3

There is an example of pcap file opened in wireshark enter image description here

The second column is time. Is it possible to see absolute timestamps here instead of relative?

user1700494
  • 1,642
  • 2
  • 12
  • 21
  • 2
    In the `View` menu click `Time Display Format` and choose one of the `Time of Day` options. (The file is already fine.) – dave_thompson_085 Apr 25 '16 at 14:32
  • 1
    @dave_thompson_085 Could you please submit your comment as an answer? It's the correct answer to the question. –  Apr 25 '16 at 19:04

2 Answers2

4

(from comment)

A pcap file (from tcpdump or wireshark or AFAIK anything else using libpcap) already has absolute time; it's only the Wireshark display you need to adjust.
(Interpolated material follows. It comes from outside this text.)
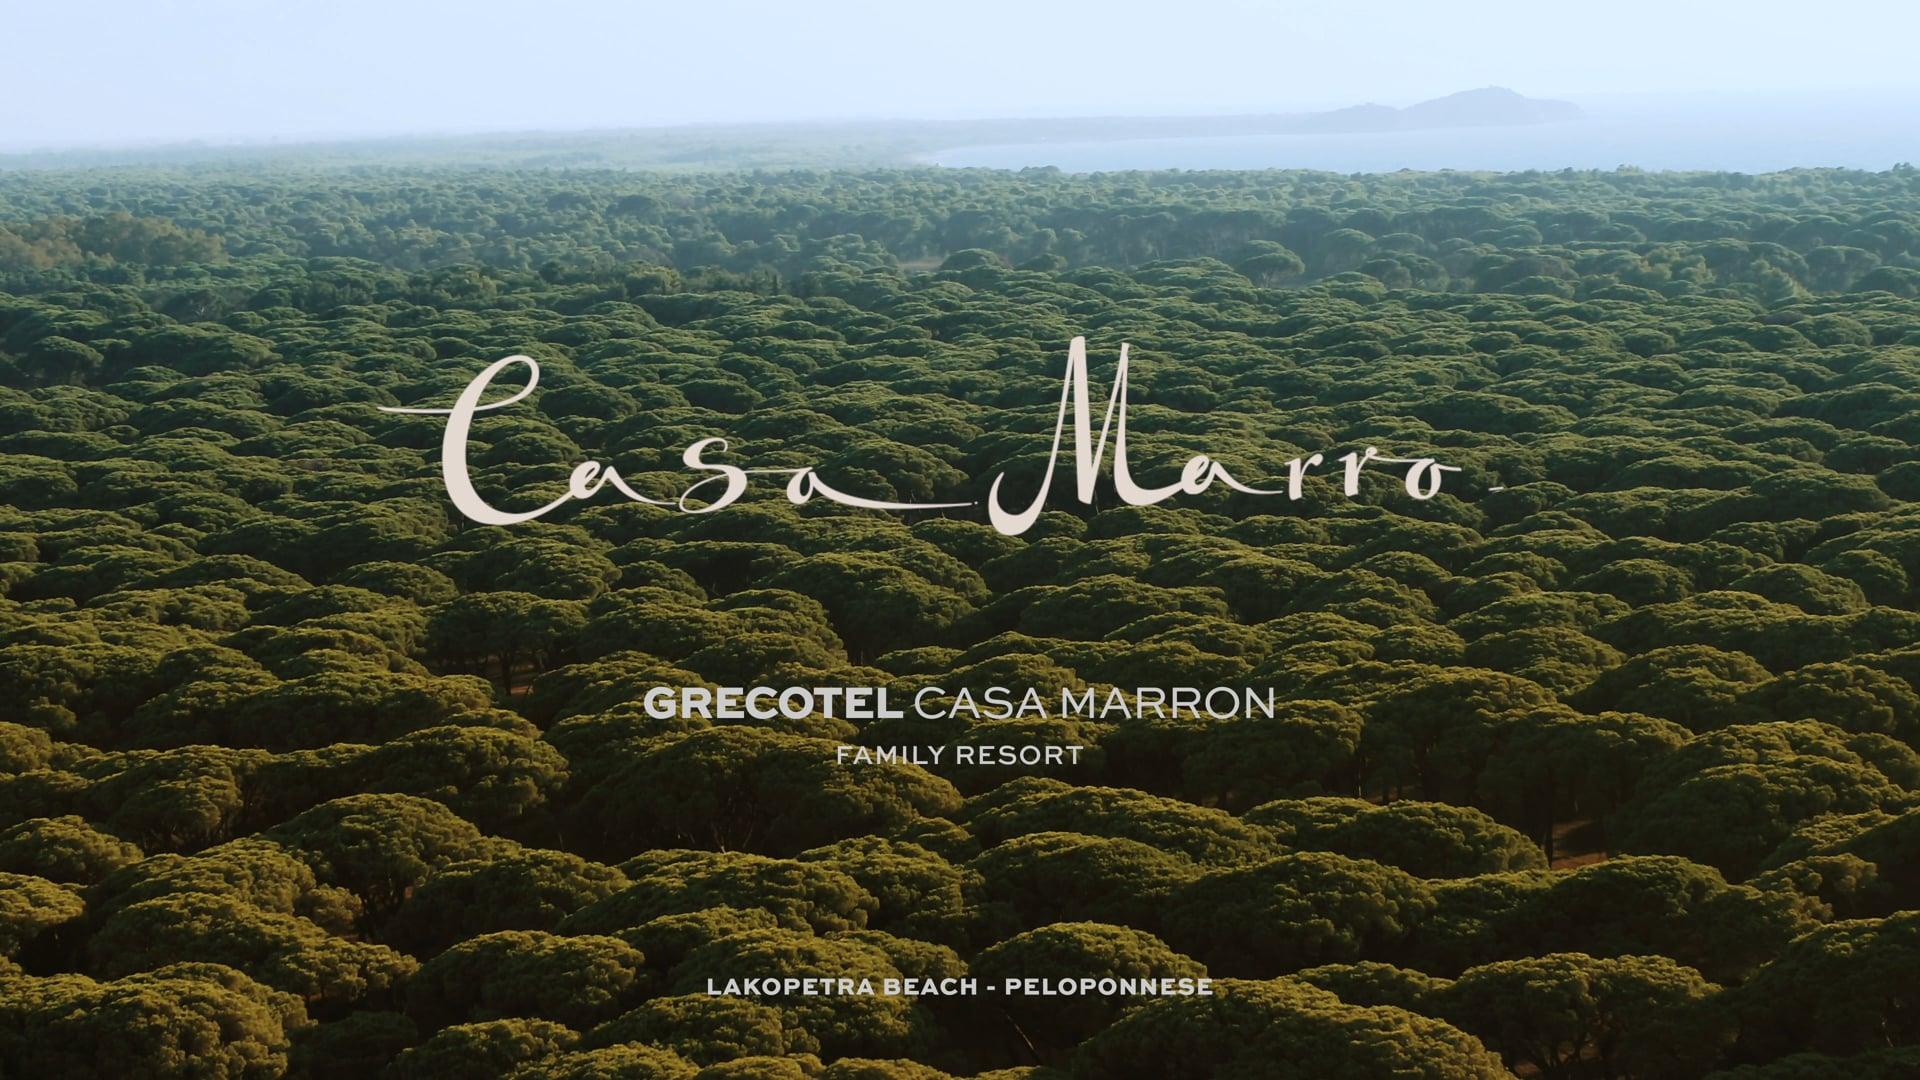 Casa Marron Grecotel

In the View menu click Time Display Format and choose one of the Time of Day options.

dave_thompson_085
  • 3,262
  • 1
  • 16
  • 16
2

tcpdump has its own timestump options for.

-t
    Don't print a timestamp on each dump line. 
-tt
    Print the timestamp, as seconds since January 1, 1970, 00:00:00, UTC, and fractions of a second since that time, on each dump line. 
-ttt
    Print a delta (micro-second resolution) between current and previous line on each dump line. 
-tttt
    Print a timestamp, as hours, minutes, seconds, and fractions of a second since midnight, preceded by the date, on each dump line. 
-ttttt
    Print a delta (micro-second resolution) between current and first line on each dump line. 

More info you can find at tcpdump manpage.